FORMÜLDEKİ MESAJ NET : İHRACATÇI FİRMALARA YP KREDİ VERİN


BDDK bu açıklaması ile bankalara YP Mevduatdaki baskıyı azaltıp cezadan kurtulmak için formülü tutturmak istiyorsanız YP Kredi kullandırmanı ve bu alanı büyütmeniz halinde burada işiniz kolaylaşır mesajı veriyor. Peki bu mesaj ne anlama geliyor. Mesaj net : YP Kredi verin. Burada bilinmesi gereken konu BDDK zaten döviz kredilerin şahıslara verilmesini ve ihracatı olmayan firmalara verilmesini daha önceki duyuruları ile engellemişti. Buradaki amaç belli ve net İhracatı artıralım. Bunun için de İhracatçı firmalara YP Kredi verin.

 

BU FORMÜL DEĞİŞİKLİĞİ İHRACATI ARTIRIR MI?


Formül niyeti ortaya koyuyor. Fakat amaç İHRACATI artırmak ve İhracatçıya destek vermek ise bu formül yetmez ek düzenlemeler de şart. Birincisi, geçen haftaki yazımda da belirttim İhracat kredilerinde Taahhüt kapama süreleri var. Bu süreler kısmen uzatıldı ama bu sürelerin daha da fazla uzatılması şart. Bu sürelerde İhracat bedellerini getirme kısımlarına göre ek süre verme şeklide olabilir. Özelikle dış ticaretin Pandemi nedeni ile kapalı olan ve yavaşlama yaşanan ülkeler için ek süreler verilmesi şart. İkincisi, İhracat bir firmanın YP kredisi kullanabilmesi için; mevcut toplam YP Kredisi ( Leasing ve EXİMBANK kredileri dahil ) artı yeni kullanacağı “toplam YP Kredi tutarı son üç yılda yaptığı İhracat tutarını geçemez” kuralı var.
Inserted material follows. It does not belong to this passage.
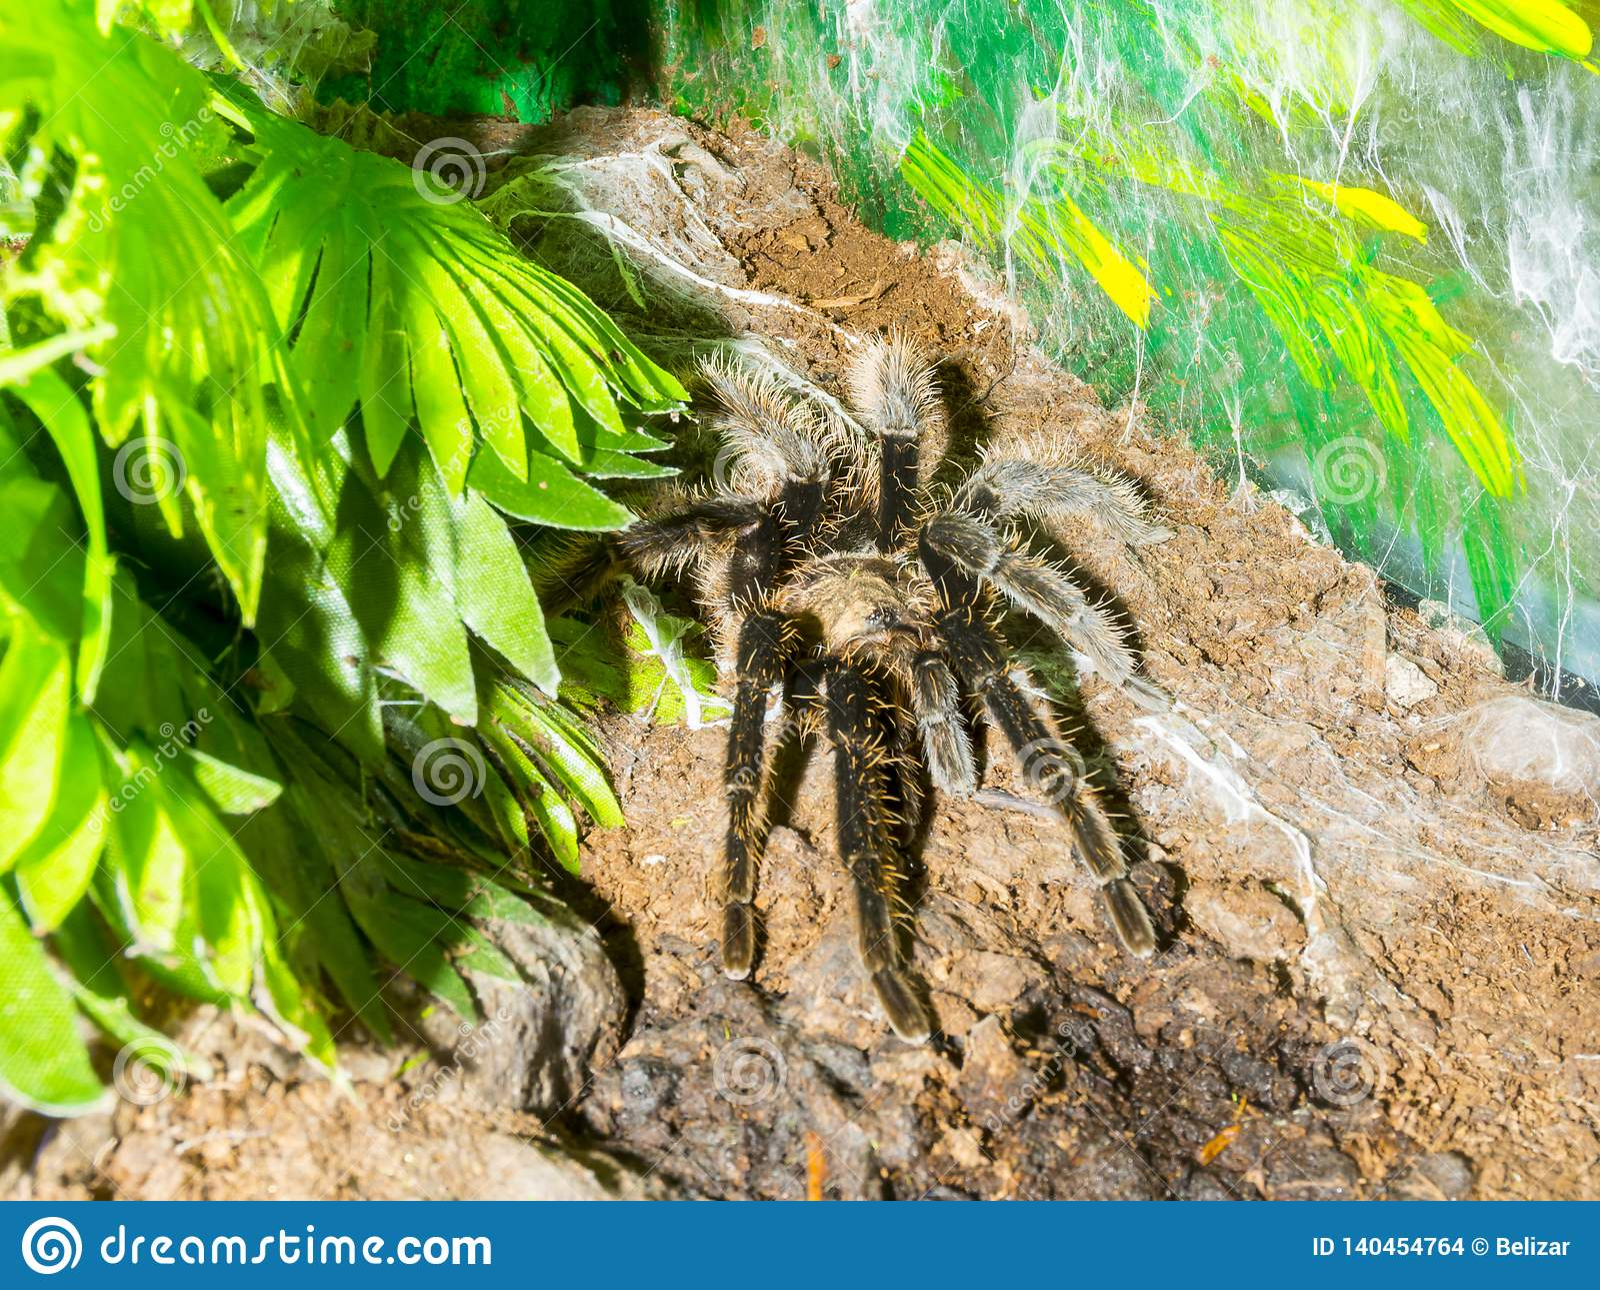 Curlyhair tarantula on the ground

Bu kuralın esnetilmesi şart. Zira bu kural nedeni ile yeni firmalar YP İhracat kredilerinde zorlanmakta. En azından Leasing gibi yatırım amaçlı YP krediler bu formülazisyonun dışında tutulmalı veya yapılan “son üç yıldaki toplam ihracatın 1,5-2 katı kredi kullanabilir” gibi bir esneme şart. Şu anda ihracatçı firmalar veya ihracatını yeni artıracak firmalar için bu alanda ciddi sorunlar var. Üçüncüsü; EXİMBANK aracılığı ile kullandırılan kredilerde Teminat Mektubu veya Poliçe Avali şartının acilen kaldırılması veya esnetilmesi şart. Bu düzenlemeler olmadan sadece formül ile İhracat artırmaya çalışmak sadece Kamu Bankalarına YP Mevduatın daha da akışın hızlanmasını sağlar.  Umarım bu ihracatı artırıcı niyet yukarıda belirttiğim üç nedenden dolayı sekteye uğramaz. Bu hali ile yeni ihracatçı veya ihracatını hızla artıran firmalar için sorunun bir an önce giderilmesi gerekir. Niyetin formülde kalmayıp ek düzenlemeler ile Piyasayı destekler nitelikte olması, İHRACATIN artışının gerçekten isteniyor iradesinin ortaya konması dileğimle.